Lady Thomasine gasped and even Rob looked shaken. I laughed. “So you say! I think I know better. I did wonder if perhaps they were innocent letters between another Mark, not Smeaton, and another Anne, not Boleyn. But forgery was so much more likely. Tell me, Sir Philip, when you left court under a cloud, ten years ago, did that have nothing to do with forgery?”

“No, my Lady Cleverness, it did not! I fought a duel and killed my man. But such things are not well seen at court, not now, not in the days of Queen Mary, either. Women are so tender of heart.”

“The reason why you were called out,” I said pitilessly, “was because you owed a gambling debt to the man concerned.
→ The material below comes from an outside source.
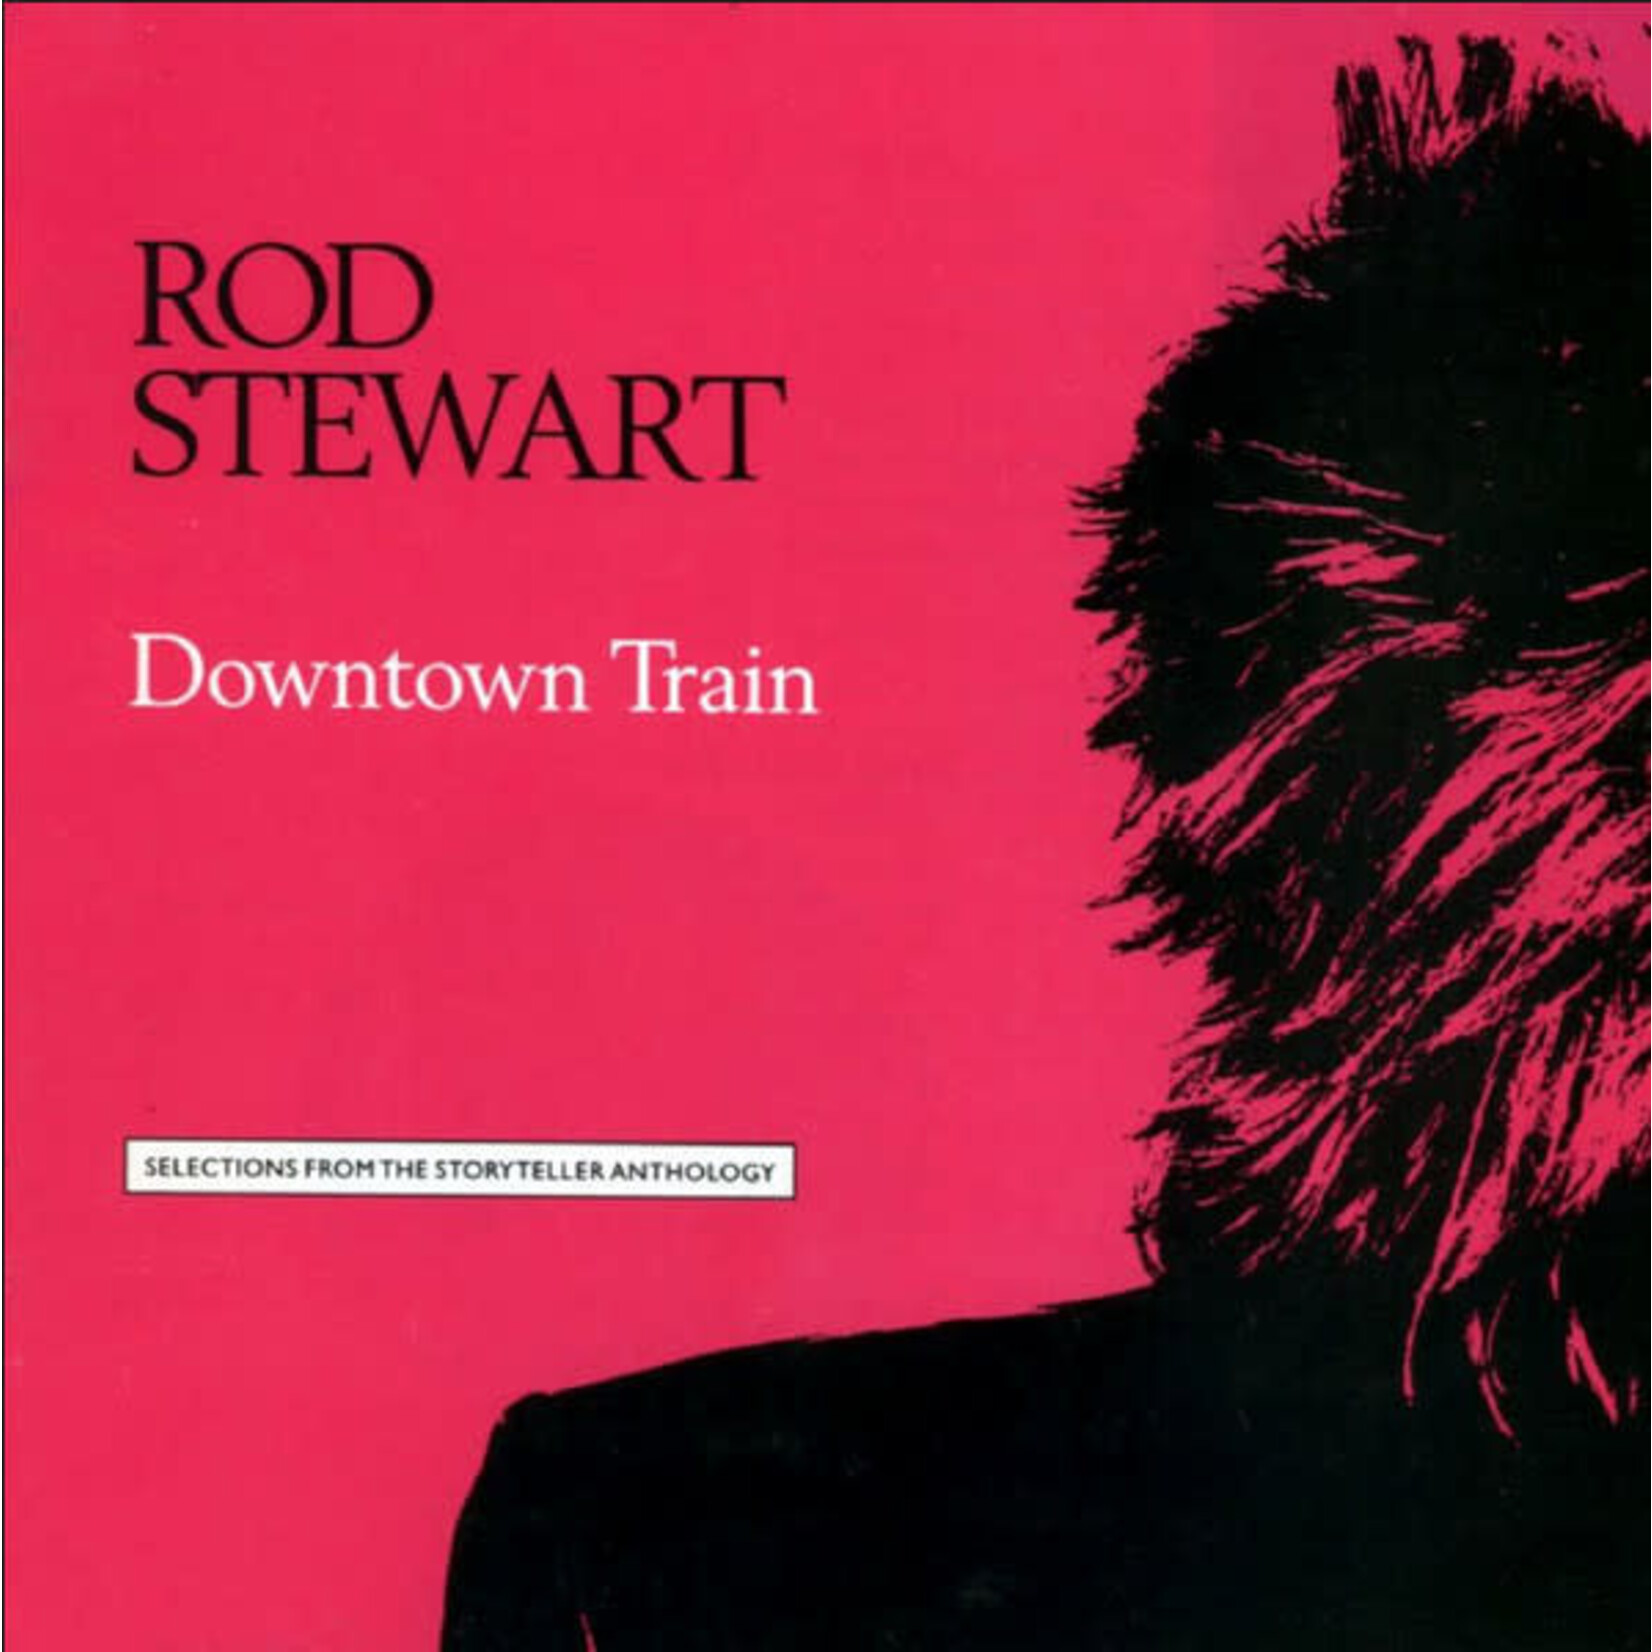 [Vintage] Rod Stewart - Downtown Train (Selections From The Storyteller Anthology)

You could not pay. You had spent too much on good clothes and fine horses. Some of your debtor’s friends came to ask you for it, on his behalf. You showed them a receipt. They told him and he demanded to see it for himself—and then he called you out, because he had never written it. Somebody, presumably you, had forged his signature.”

“Who told you that?” shouted Mortimer.

“Owen Lewis,” I said. “I’ve seen him. I took the opportunity to ask him why you had to leave the court, Sir Philip. I thought he might be able to tell me.”